**WHAT IS NEEDED**
Below are some records. Retype exactly the lines from the one containing "UKIYO matcha tea" through the one containing "Kobe Bryant said, Never", both included, skipping every picture.

**INFORMATION PROVIDED**
:::
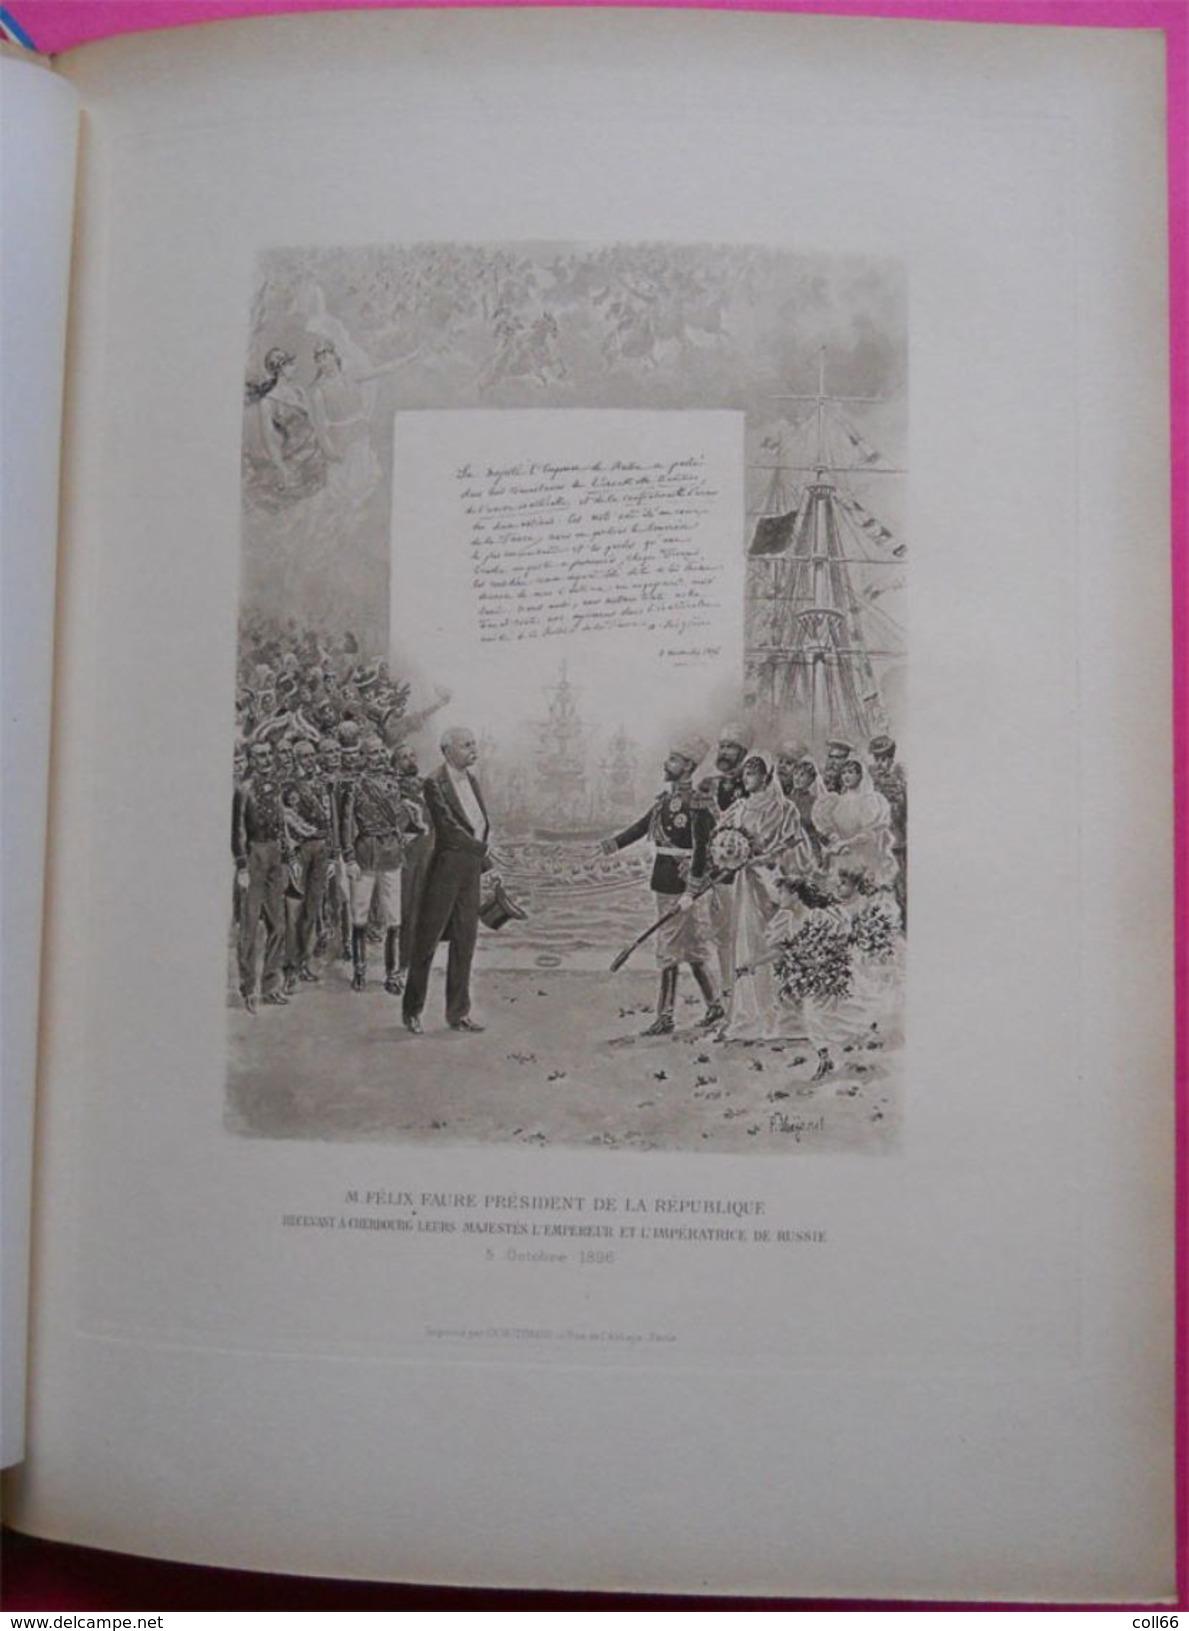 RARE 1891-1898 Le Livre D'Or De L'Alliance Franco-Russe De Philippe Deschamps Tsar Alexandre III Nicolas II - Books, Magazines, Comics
:::
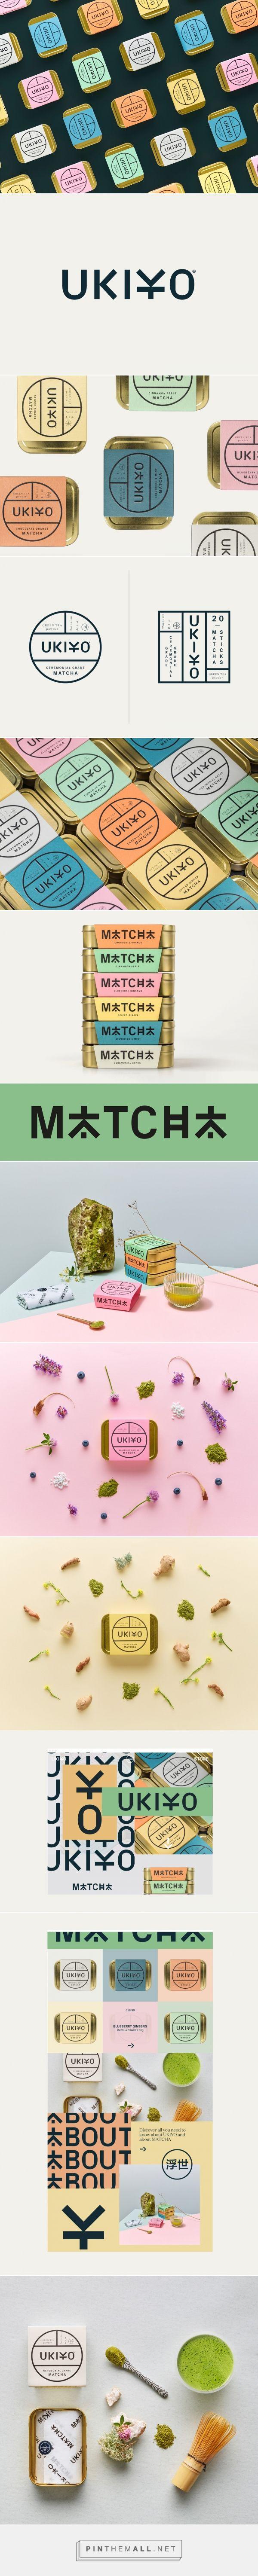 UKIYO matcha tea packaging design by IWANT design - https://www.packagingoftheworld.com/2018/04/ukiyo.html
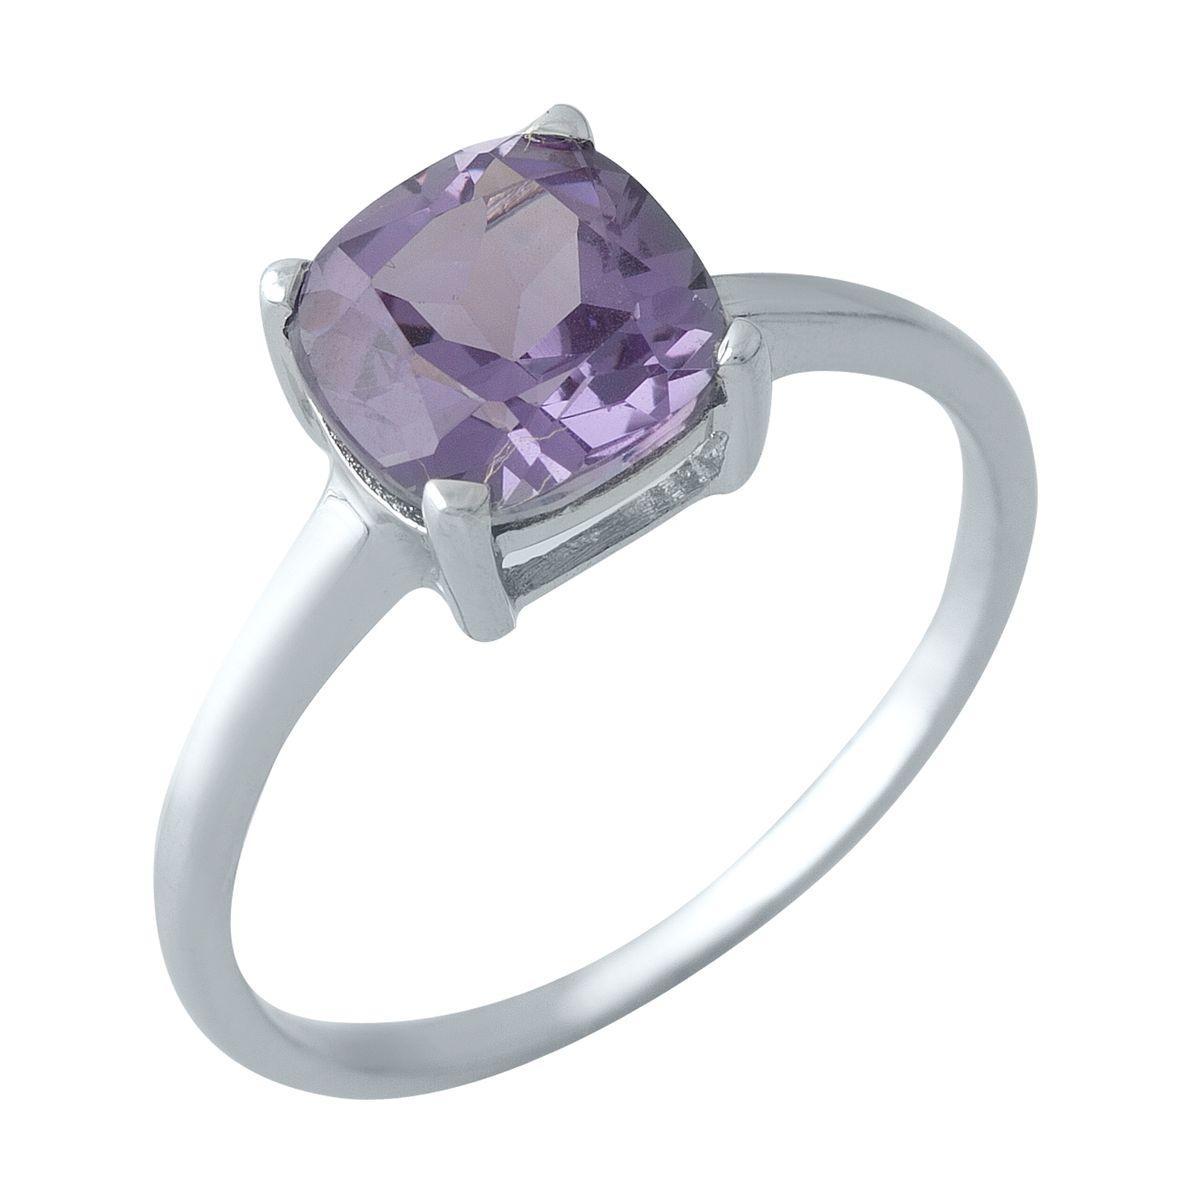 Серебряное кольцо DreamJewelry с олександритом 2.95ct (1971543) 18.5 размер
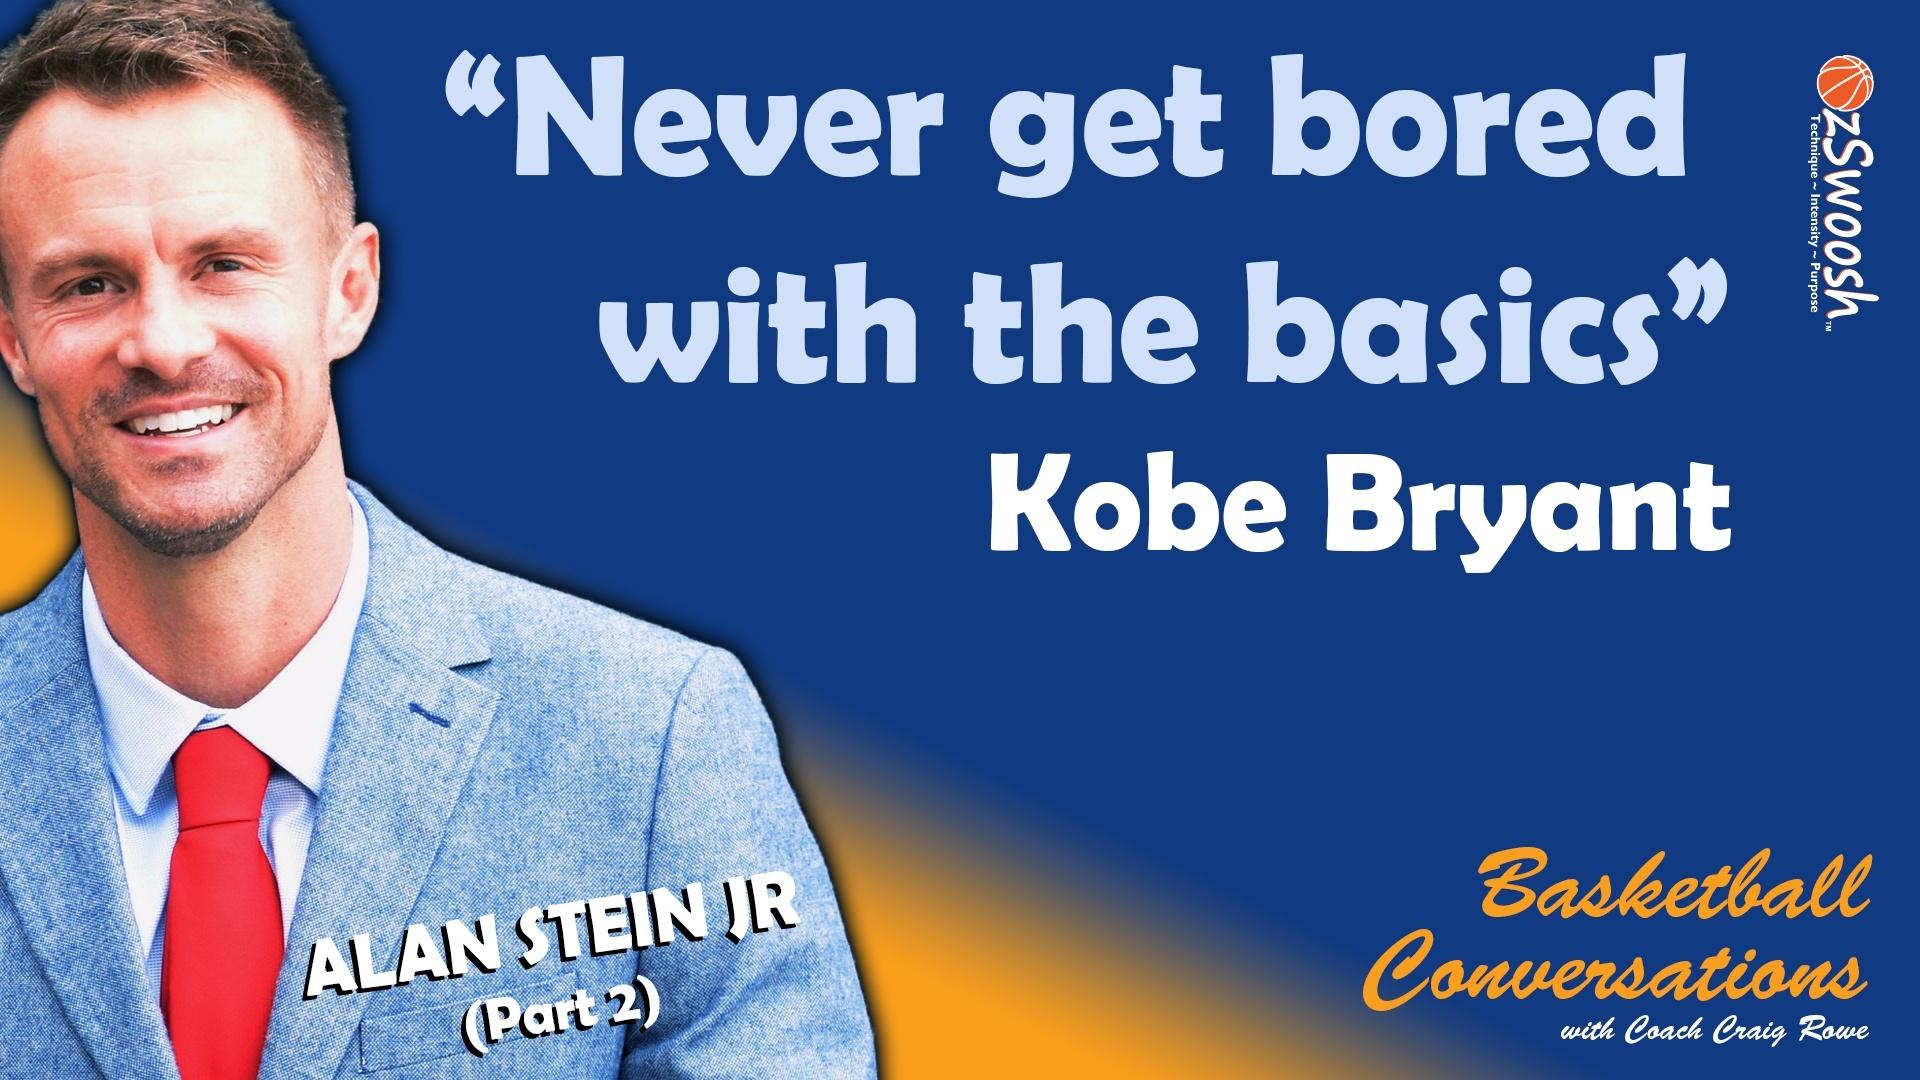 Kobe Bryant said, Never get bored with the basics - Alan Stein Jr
:::
**ANSWER SECTION**
 UKIYO matcha tea packaging design by IWANT design - https://www.packagingoftheworld.com/2018/04/ukiyo.html
 Серебряное кольцо DreamJewelry с олександритом 2.95ct (1971543) 18.5 размер
 Kobe Bryant said, Never get bored with the basics - Alan Stein Jr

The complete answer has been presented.